One of the largest automobile services and insurance organizations in the country also chose Dropbox in Q4. The customer will roll out our enterprise plan after evaluating a number of tools to improve internal and external collaboration on large files. Dropbox was chosen as the preferred vendor due to ease-of-use or views and our open APIs, which will enable integrations into the organization’s workflows. Within the claims team, Dropbox will replace email for the exchange of large files between agents and their organization’s members.
In addition, Nationwide Children’s Hospital recently expanded its team deployment, after first adopting Dropbox in 2016. Our ability to provide a secure HIPAA-compliant was a key to Nationwide’s continued partnership with Dropbox.
Before I move on to the P&L. I want to note that unless otherwise indicated all income statement measures that follow our non-GAAP and exclude stock-based compensation. A reconciliation of GAAP to non-GAAP results may be found in our earnings release which was furnished with our Form 8-K filed today with the SEC and in the supplemental investor materials posted on our Investor Relations website.
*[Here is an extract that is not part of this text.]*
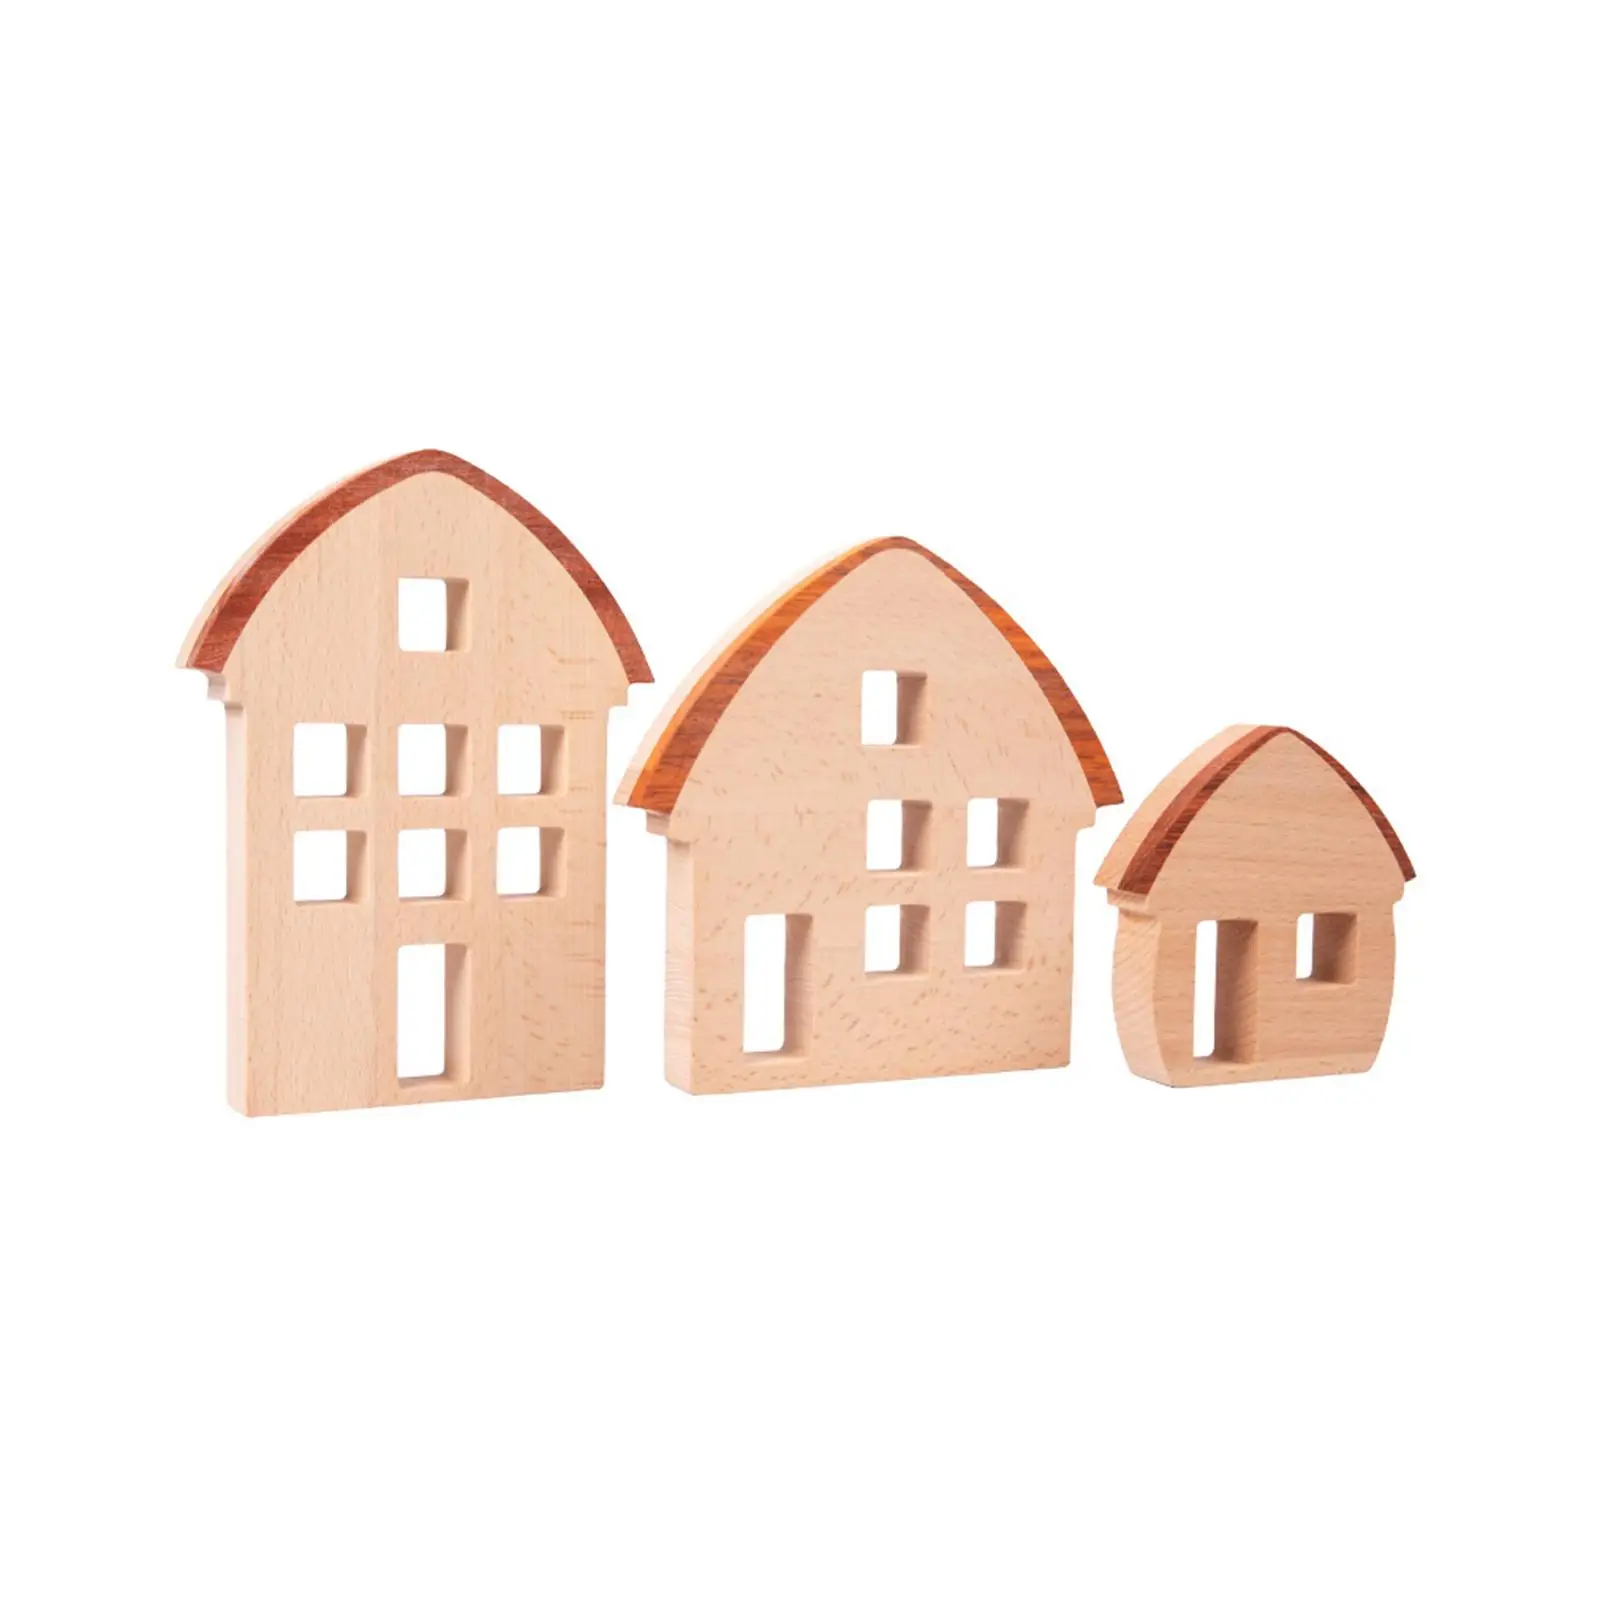 3Pcs Wood House Wood Wooden Sign Block for Boys Girls Party Favors Ages 3-6
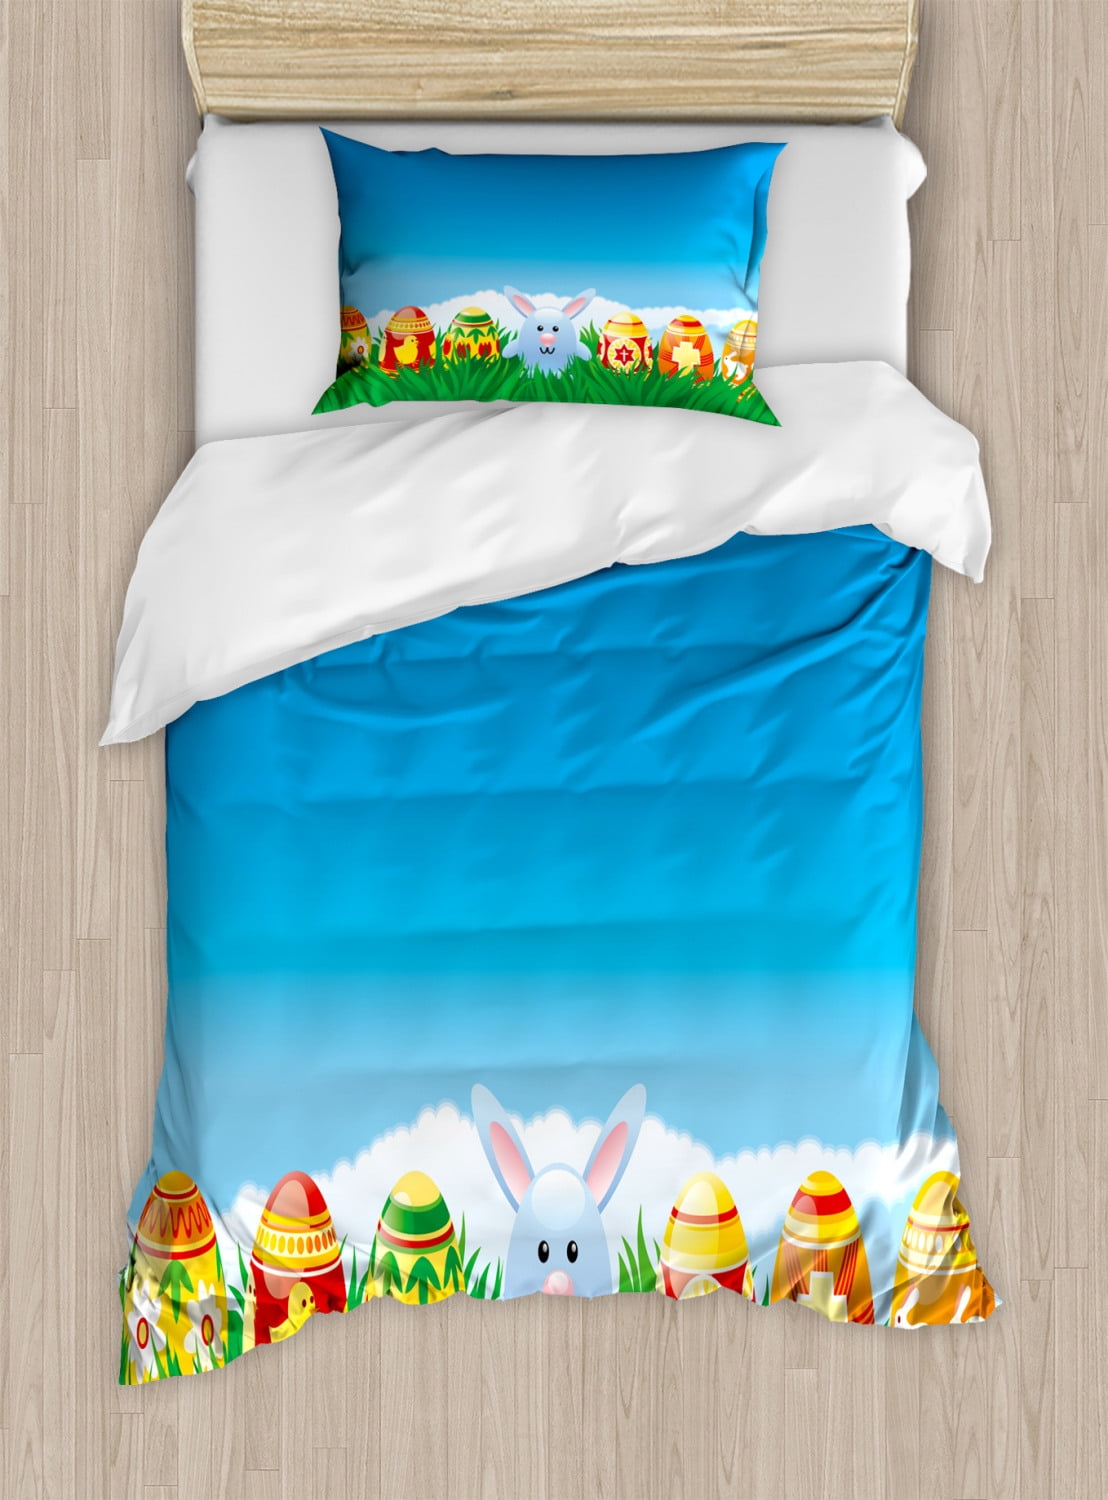 Easter Bunny Duvet Cover Set Twin Size, Cute Cartoon Illustration of ...

Gross margin for the quarter was 76%, an increase of five percentage points compared to the fourth quarter of 2017. The increase in gross margin was driven by unit cost efficiency gains with our infrastructure hardware, including lower depreciation as a share of revenue, which was partially offset by higher headcount related expenses.
Moving to operating expenses. Fourth quarter R&D expense was $108 million, or 29% of revenue compared to 25% in Q4 a year ago. The increase as a percentage of revenue was primarily driven by higher headcount and investments in new product development and testing.
In addition, you may recall that in June of 2018, we took possession of our new corporate headquarters and began recognizing rent expense associated with that property. Until we occupied the new property later this year, we will incur rent expense for both our existing and new headquarters. This overlapping rent impacts each of our expense categories, but since the highest proportion of our headcount is in R&D, it carries the largest percentage of allocated overhead.
S&M expense was $94 million in the fourth quarter or 25% of revenue compared to 30% in Q4 a year ago. The decreased spend was due to lower marketing expenses relative to Q4 of 2017 when we initiated our global brand campaign.
G&A expense was $41 million or 11% of revenue and one point lower than our G&A expense as a percentage of revenue in the prior year. The decrease was the result of lower non-income based taxes, partially offset by nominally higher outside services spend.
Taken together, we earned $42 million in operating profit in the fourth quarter. This translates to 11% operating margin, which is an eight percentage point improvement from Q4 of 2017. This operating margin expansion was driven by continued gross margin improvement paired with lower S&M spend in the period.
Net income for the quarter was $42 million, up from $11 million a year-ago. Diluted EPS was $0.10 per share, up from $0.03 in Q4 2017, based on $416 million diluted weighted average shares outstanding as of Q4.
Moving on to cash balance and cash flow. We ended Q4 with cash and short-term investments of nearly $1.1 billion. Cash flows from operations was $124 million in the quarter. Capital expenditures were $35 million, yielding free cash flow of $88 million or 23% of revenue. CapEx in Q4 included $28 million of spend on our new headquarters, excluding the spend free cash flow would have been $116 million or 30% of revenue.
We did not receive any tenant improvement allowance reimbursements for our new headquarters from our landlord during the quarter. In Q4, we also had $26 million of additions to our capital lease lines for data center equipment. We continue to expect additions to capital lease lines to be high single digits as a percentage of revenue going forward.
Let’s move on to our full year results. Total revenue for 2018 was $1.392 billion, representing 26% year-over-year growth. Gross margin was 75%, up seven percentage points from the prior year, and our operating margin was 12%, also up seven percentage points from 2017. Cash flow from operations was $425 million in 2018. Capital expenditures were $63 million, yielding free cash flow of $362 million or 26% of revenue.
CapEx in 2018, included $33 million of spend on our new headquarters. Excluding the spend, free cash flow would have been $395 million or 28% of revenue. We did not receive any tenant improvement allowance reimbursements for our new headquarters from our landlord during 2018. In 2018 we also had $99 million of additions to our capital lease lines for data center equipment.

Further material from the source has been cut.